▶ **WHAT IS BEING ASKED**: The whole listing below should be printed again exactly, with no images.

▶ **SUPPLIED INFORMATION**:

━━━━━━━━━━

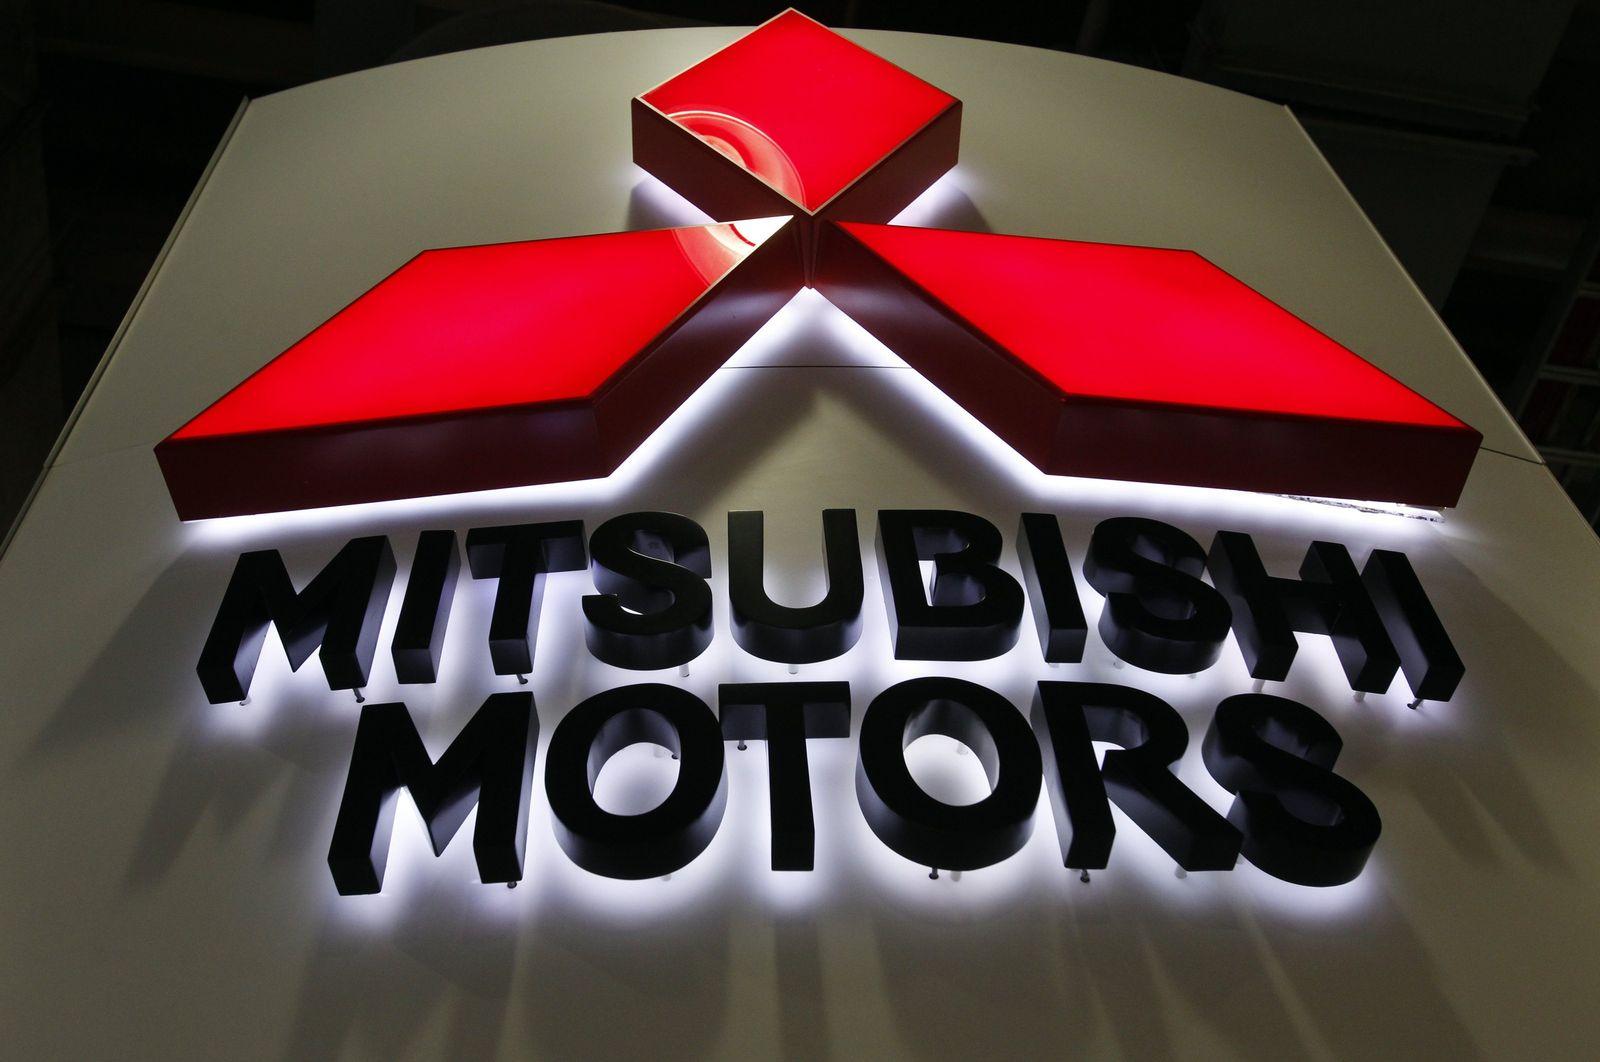 Mitsubishi Firmenlogo
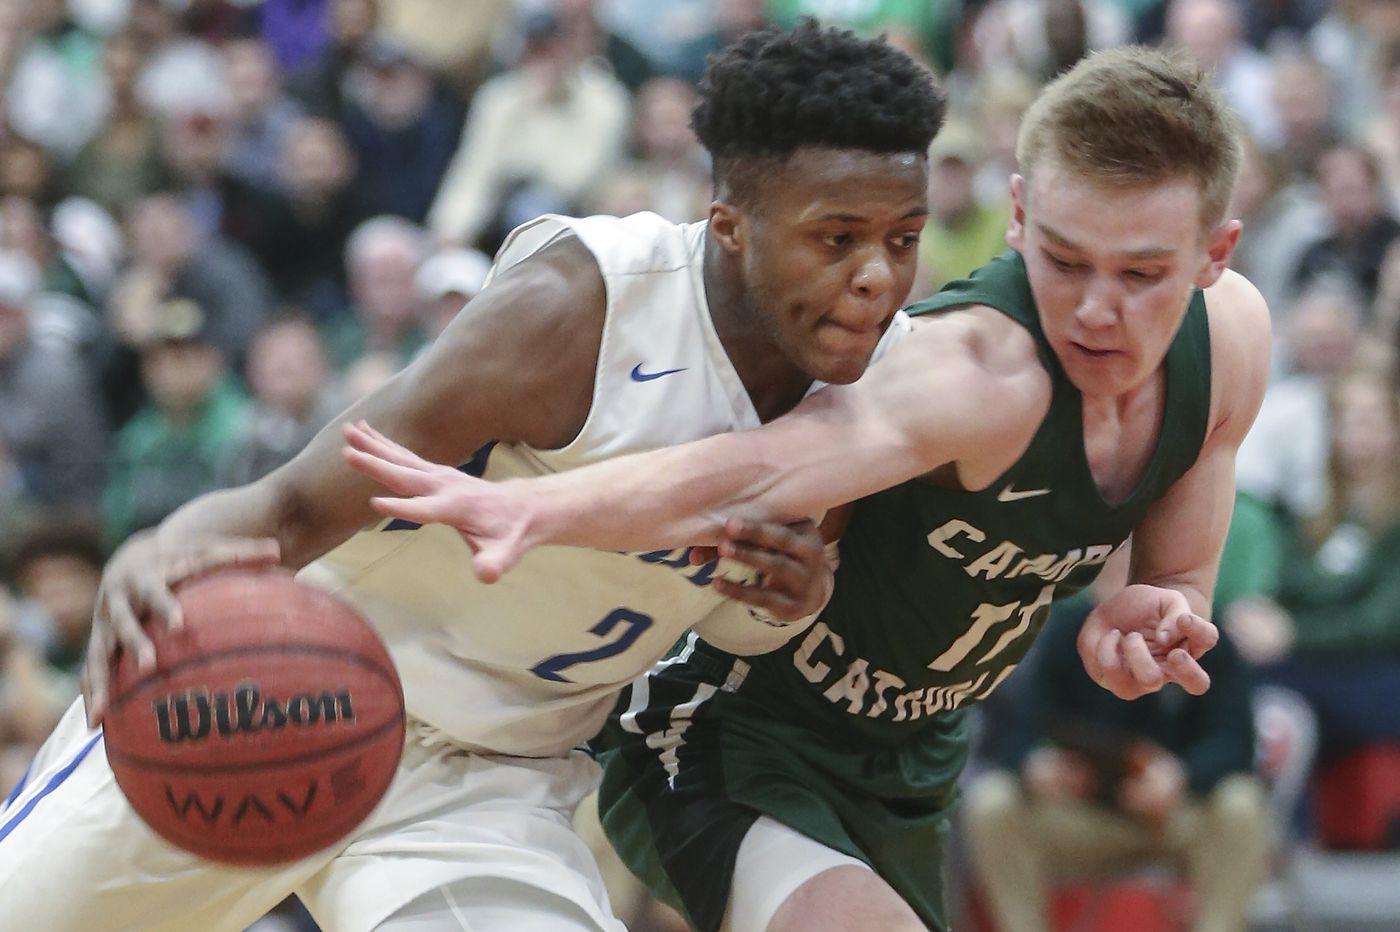 Camden Catholic seniors set sights on state boys' basketball title
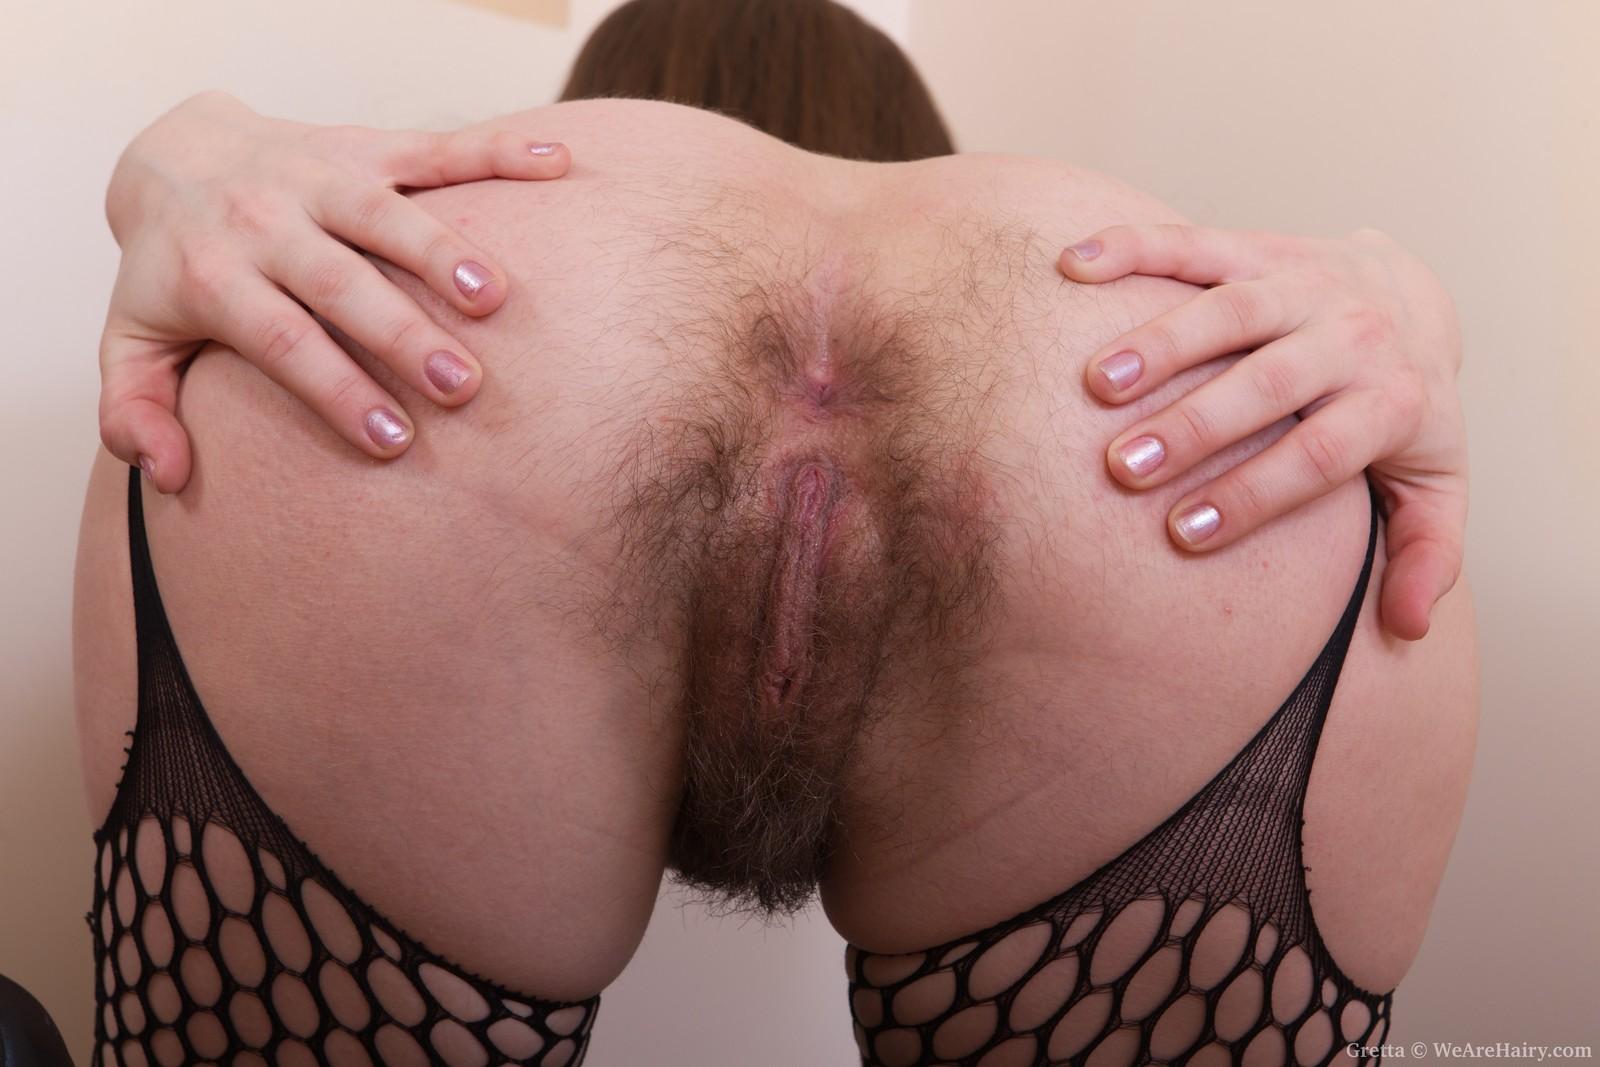 Фото очень волосатые жопы баб, Порно фото очень волосатых пезд женщин 6 фотография

━━━━━━━━━━

▶ **SOLUTION BELOW**:
 Mitsubishi Firmenlogo
 Camden Catholic seniors set sights on state boys' basketball title
 Фото очень волосатые жопы баб, Порно фото очень волосатых пезд женщин 6 фотография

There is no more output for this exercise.